> REQUIRED WORK: Using the entries that follow, transcribe only the lines from the line with "FRENCH INDOCHINA - P." to the line with "The sweet smell", both included, exactly as they stand and without pictures.

> AVAILABLE DATA:
[Start of section]

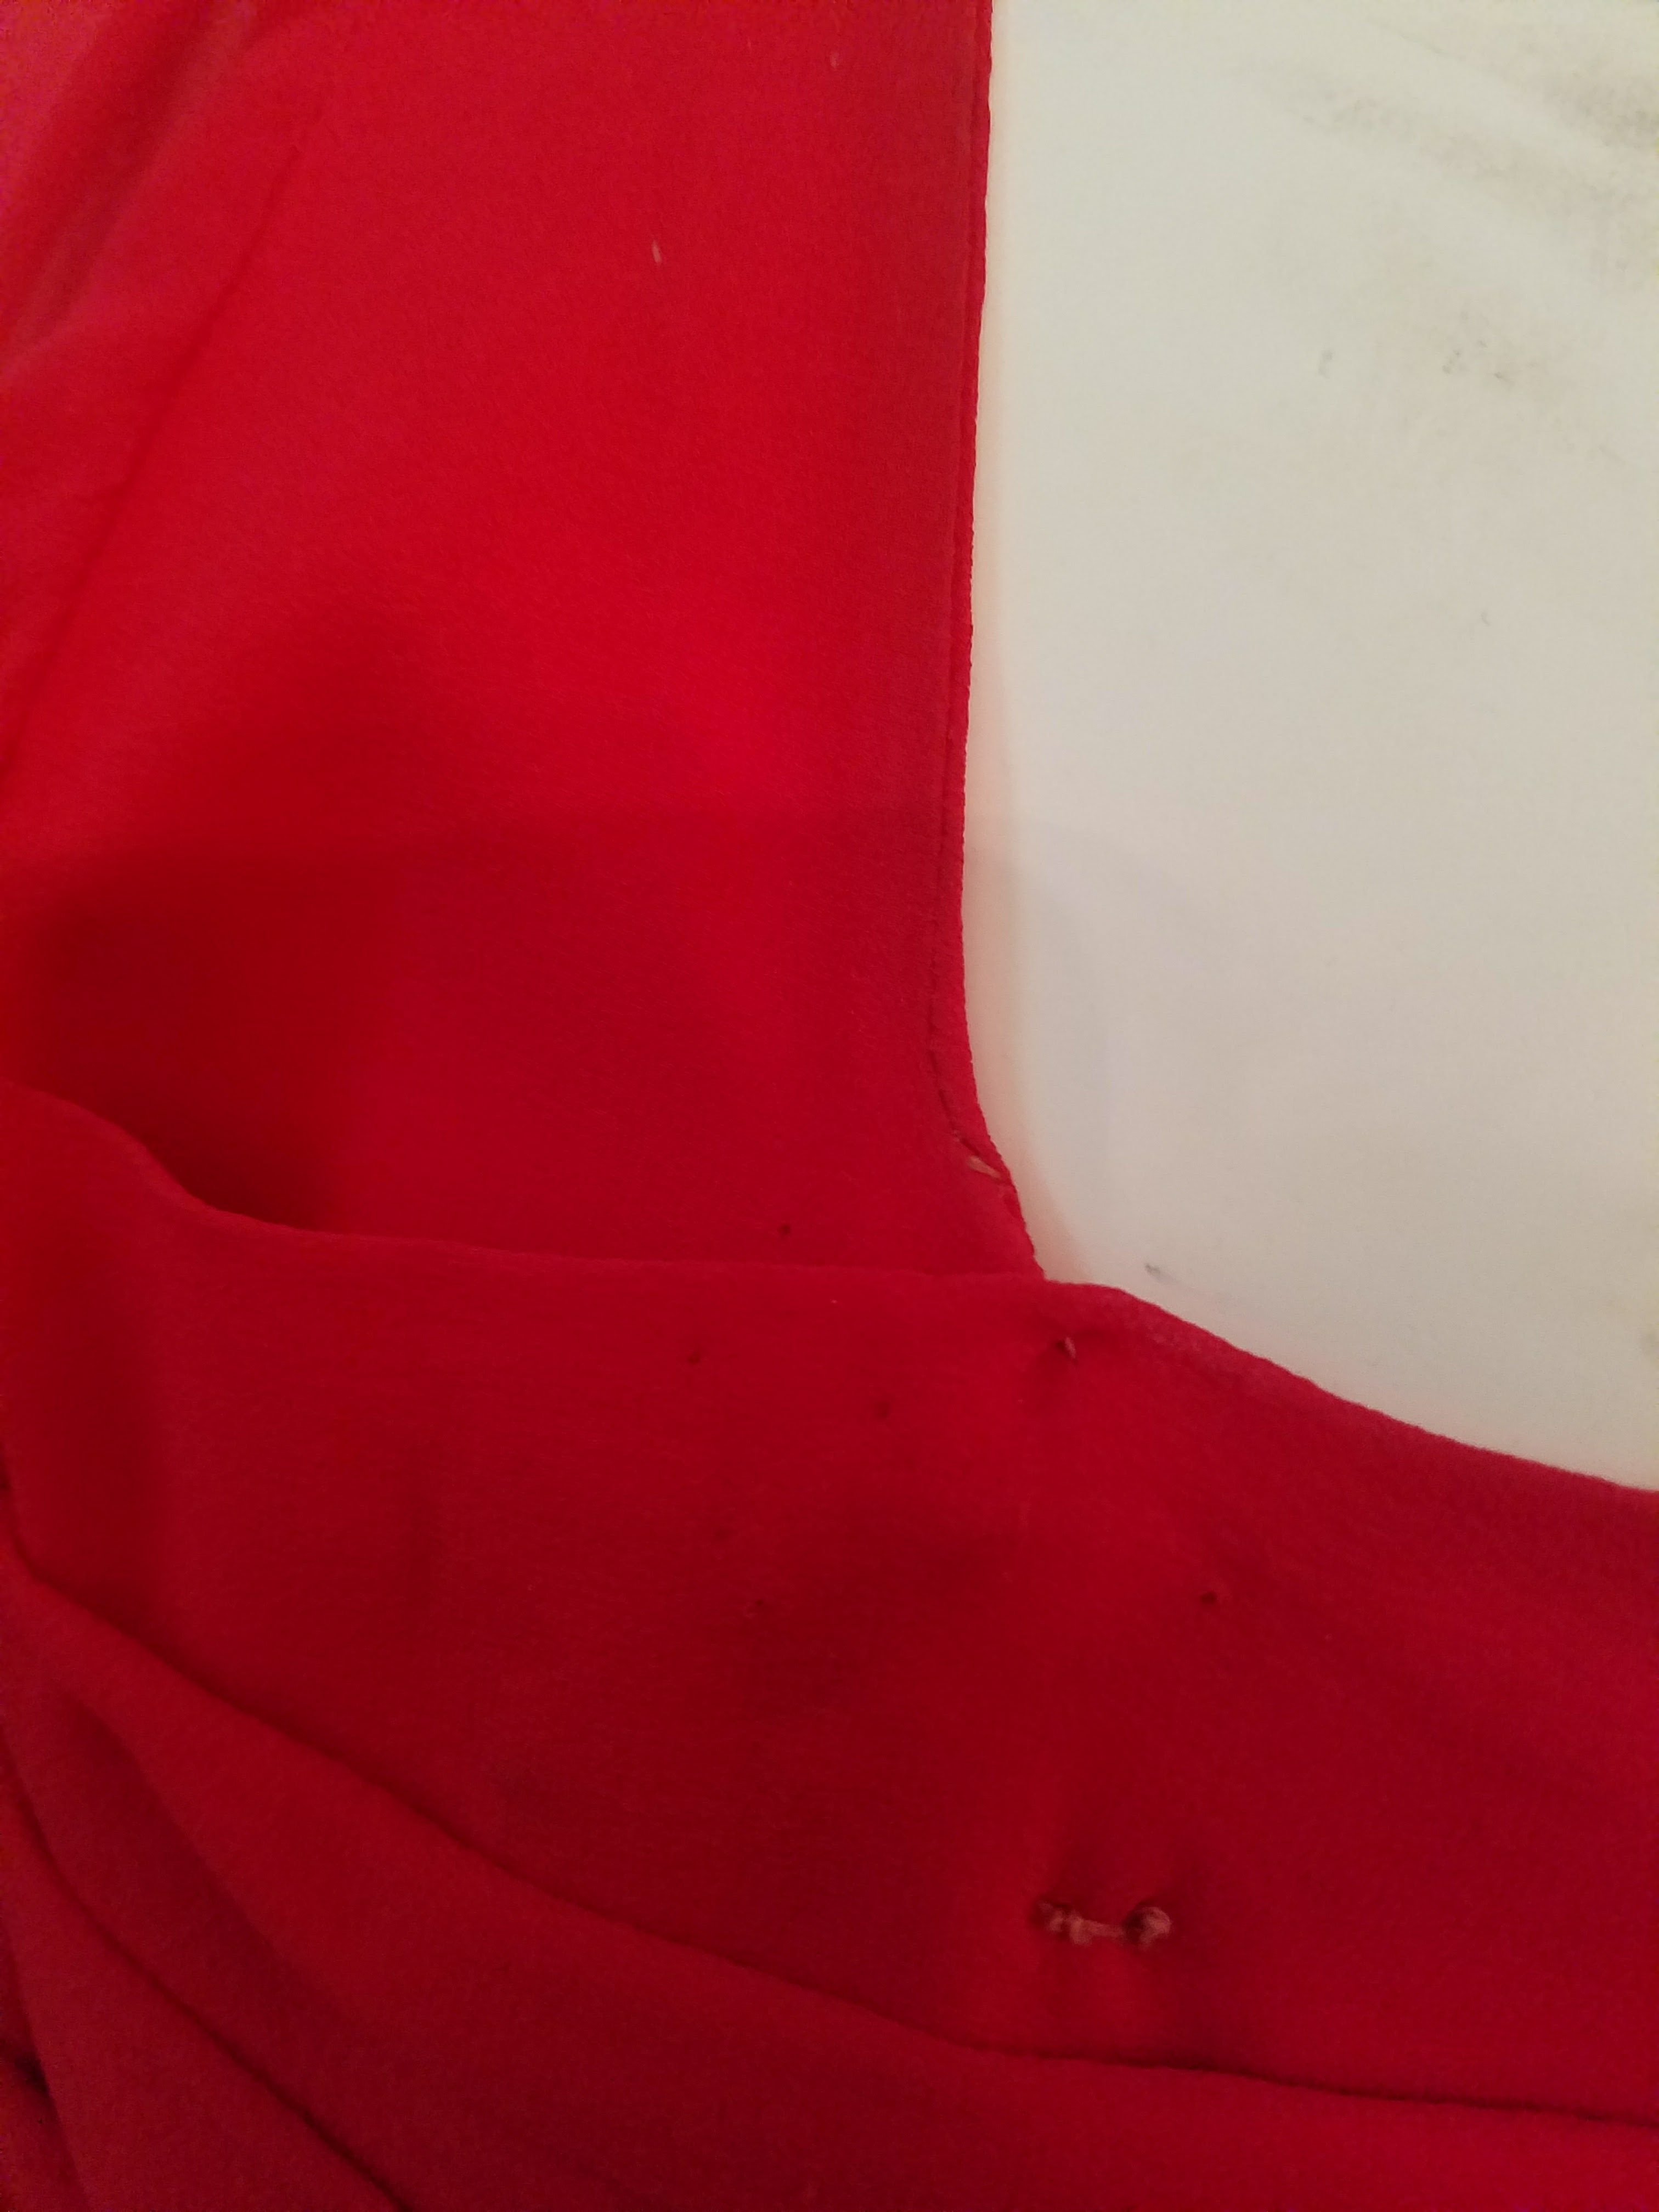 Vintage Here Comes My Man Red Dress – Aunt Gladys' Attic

[End of section]
[Start of section]

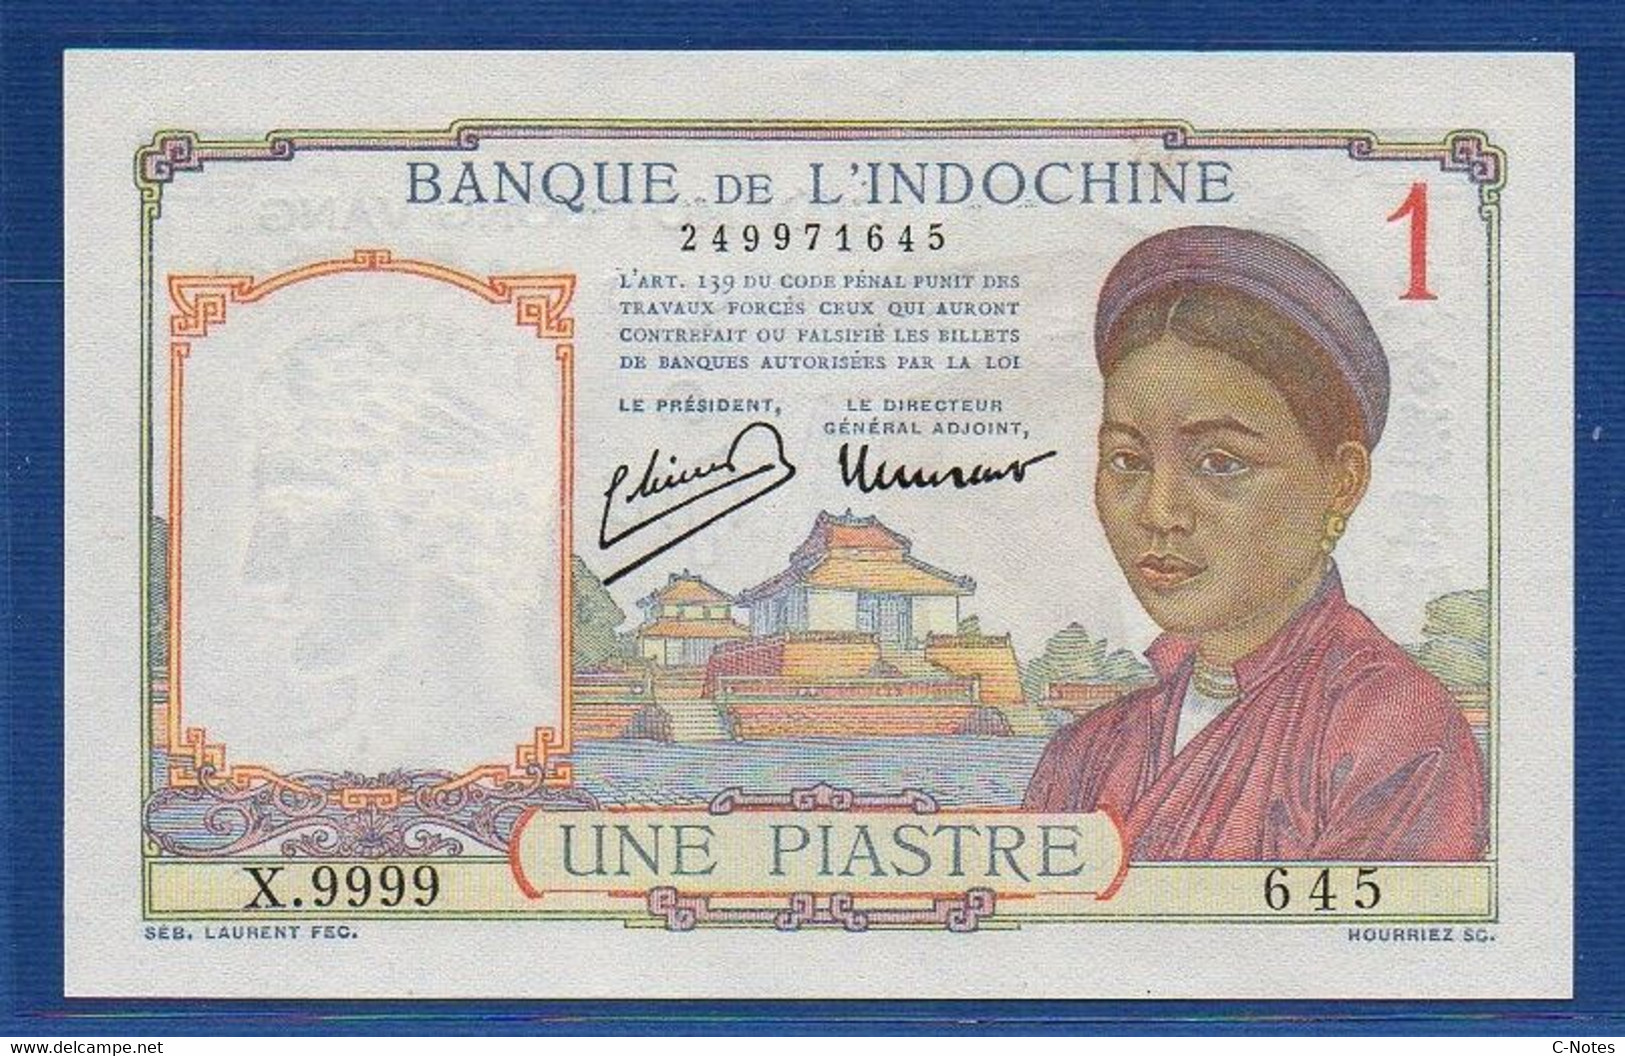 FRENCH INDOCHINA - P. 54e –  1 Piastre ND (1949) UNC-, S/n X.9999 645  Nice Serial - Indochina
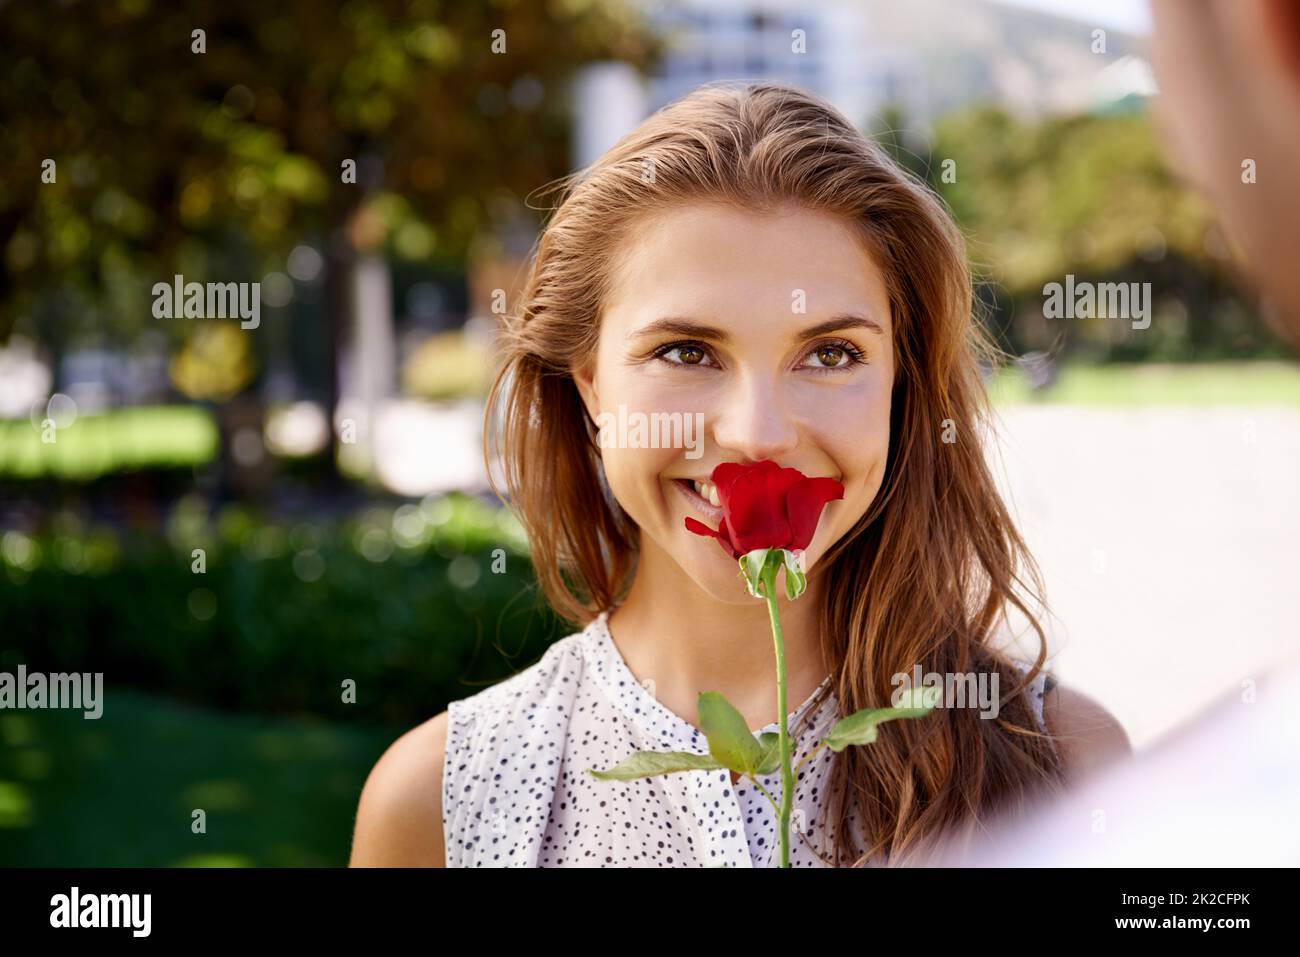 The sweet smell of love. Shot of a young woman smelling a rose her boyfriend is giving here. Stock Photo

[End of section]

> TASK ANSWER:
 FRENCH INDOCHINA - P. 54e –  1 Piastre ND (1949) UNC-, S/n X.9999 645  Nice Serial - Indochina
 The sweet smell of love. Shot of a young woman smelling a rose her boyfriend is giving here. Stock Photo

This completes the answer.